What you will do | Everything in the records below from the line containing "15&(박지민,백예린) - 티가 나나봐 피아노3단-쉬워요 악보" through the line containing "Impresora 3D barata y de caliadad" is to be reproduced exactly, those two lines included; no picture is to be copied.

Material to process Block Start

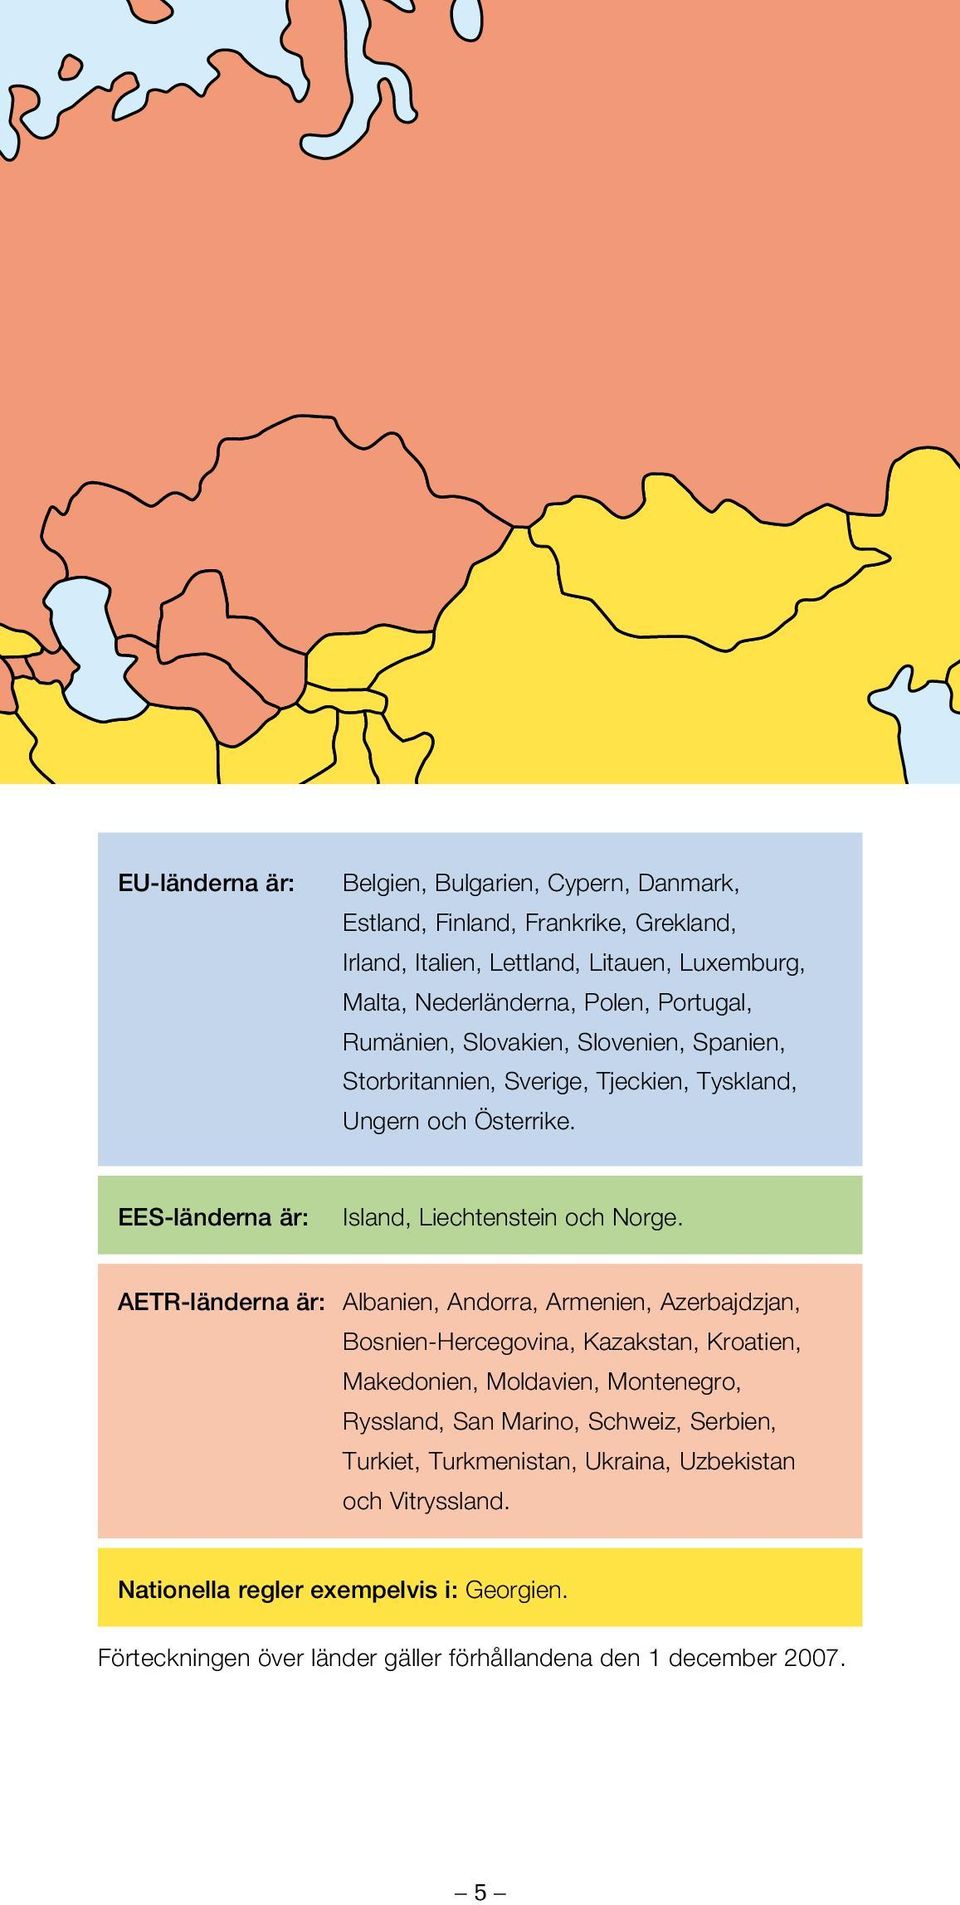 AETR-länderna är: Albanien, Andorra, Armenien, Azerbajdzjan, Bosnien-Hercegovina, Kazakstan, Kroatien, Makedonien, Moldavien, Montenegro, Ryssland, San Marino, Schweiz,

Material to process Block End
Material to process Block Start

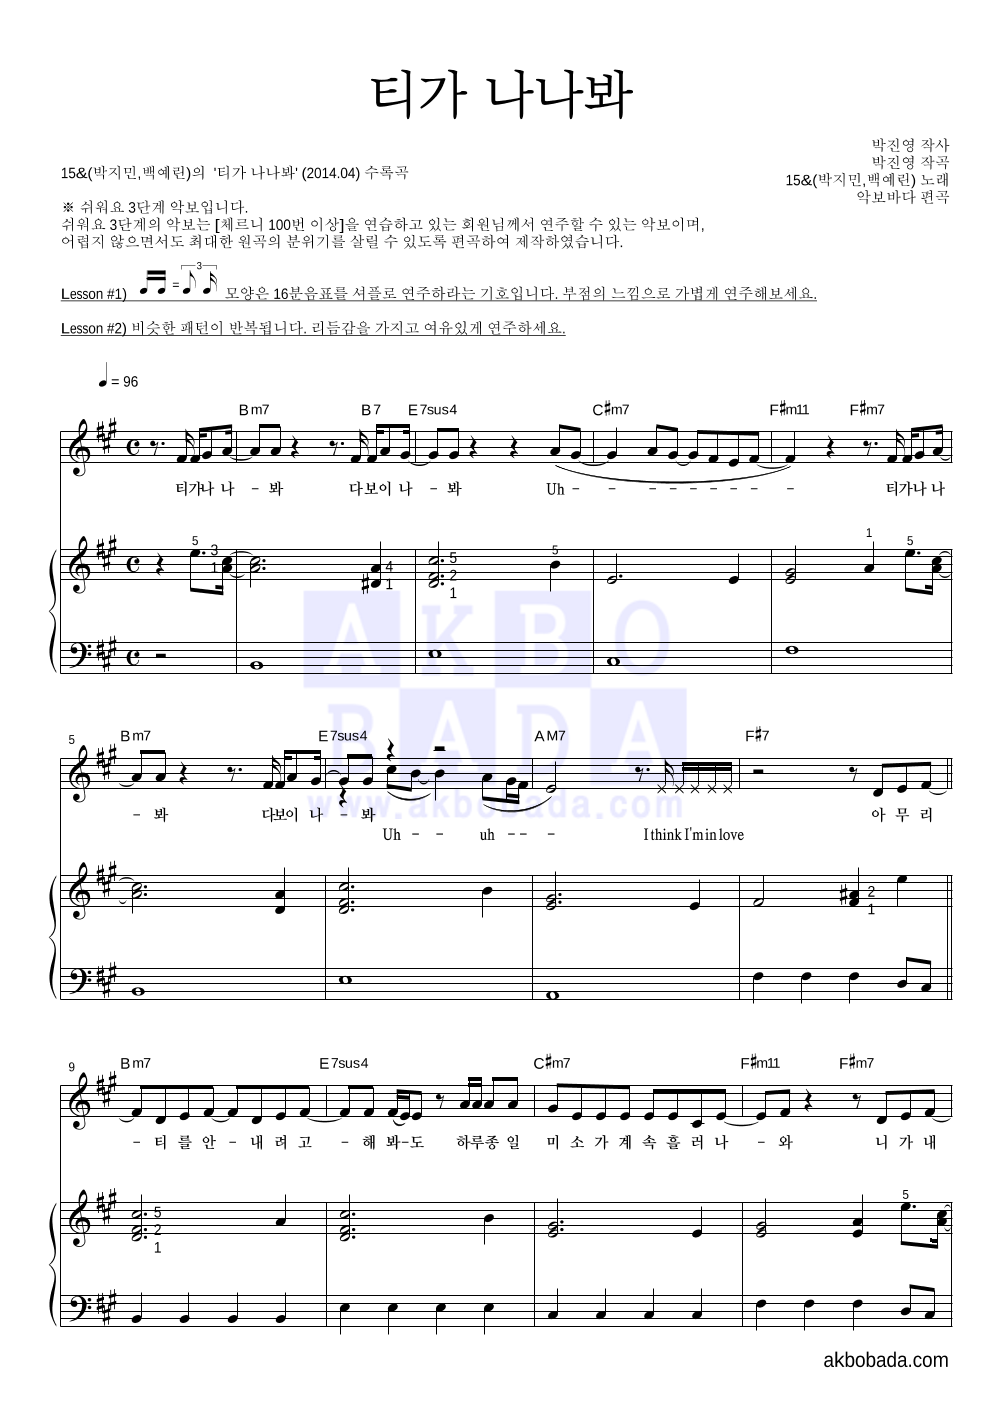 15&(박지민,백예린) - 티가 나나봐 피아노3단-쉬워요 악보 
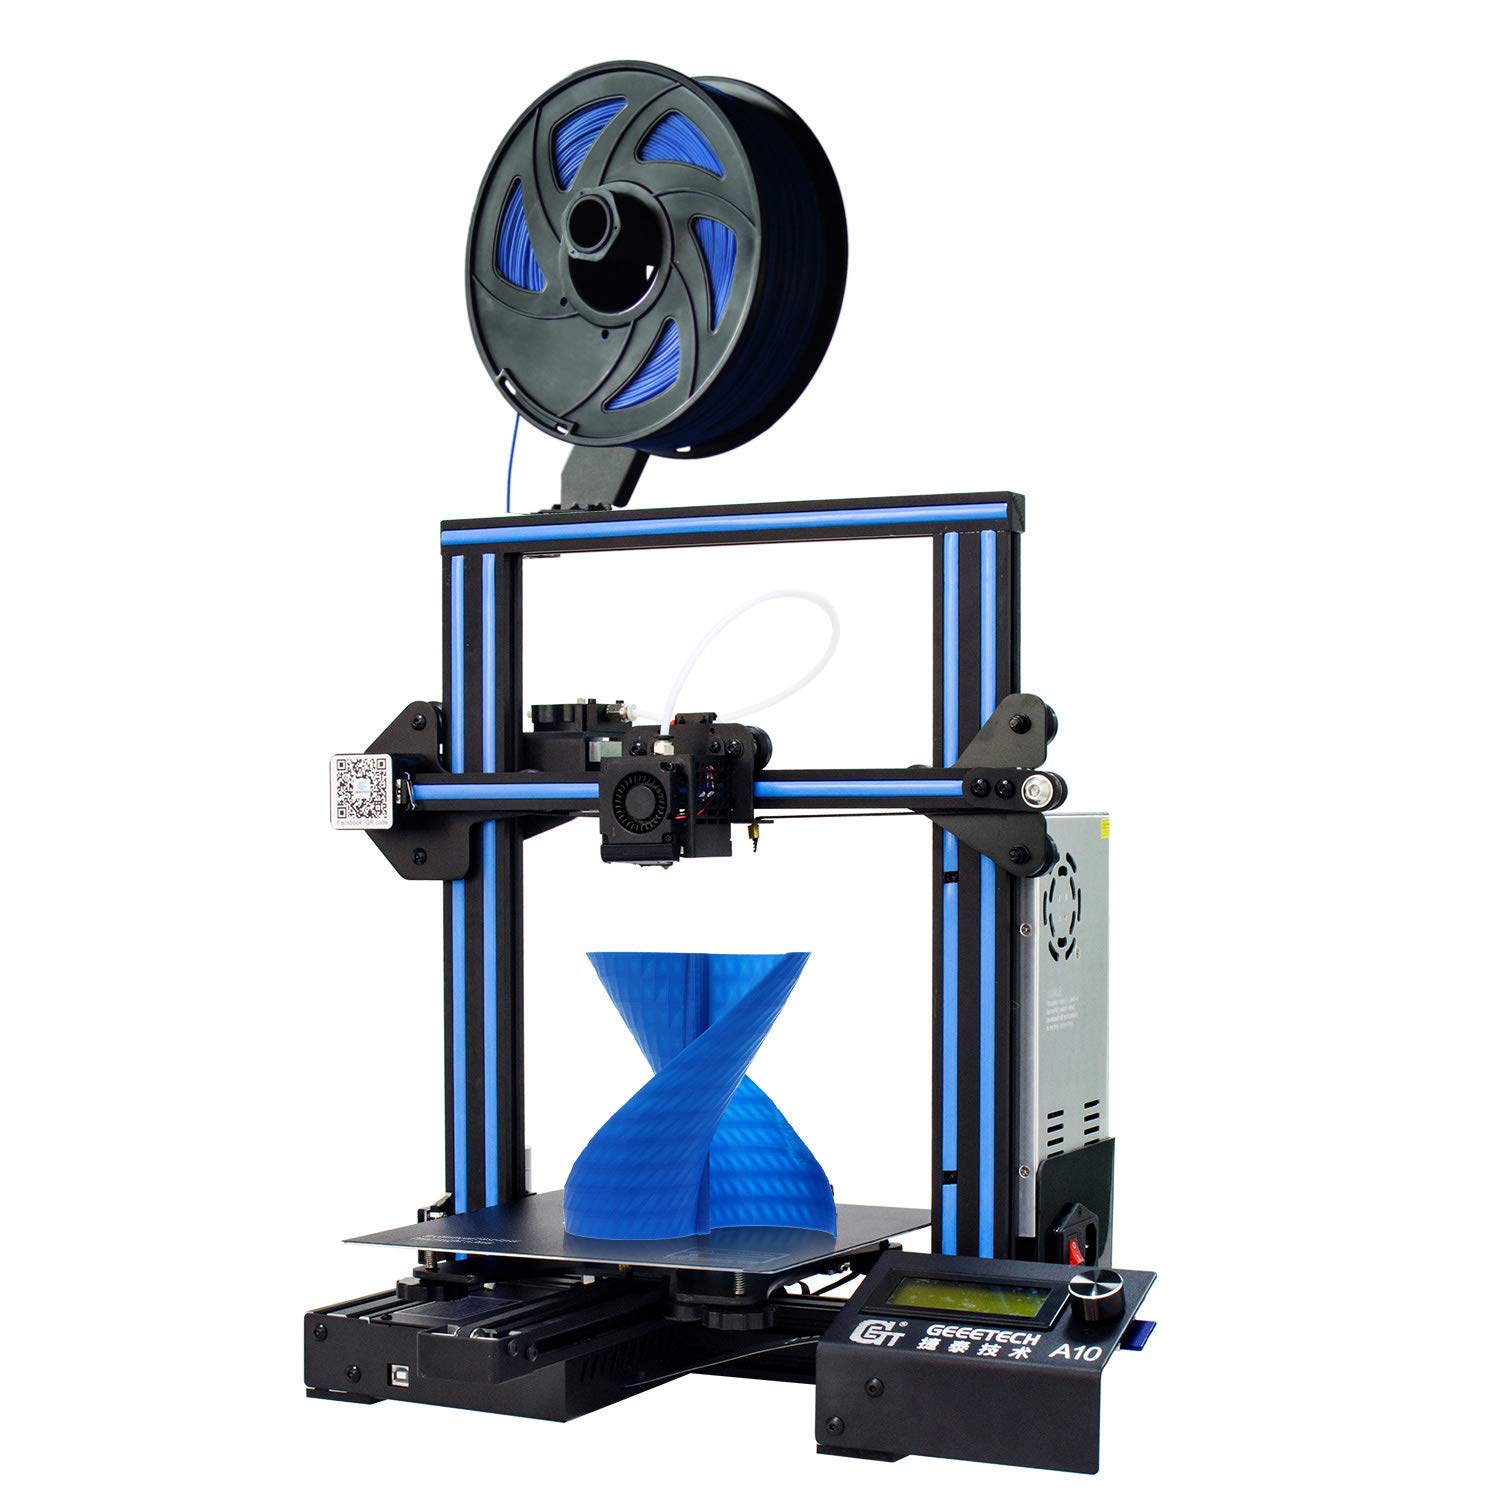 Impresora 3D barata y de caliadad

Material to process Block End

Completed task |
 15&(박지민,백예린) - 티가 나나봐 피아노3단-쉬워요 악보 
 Impresora 3D barata y de caliadad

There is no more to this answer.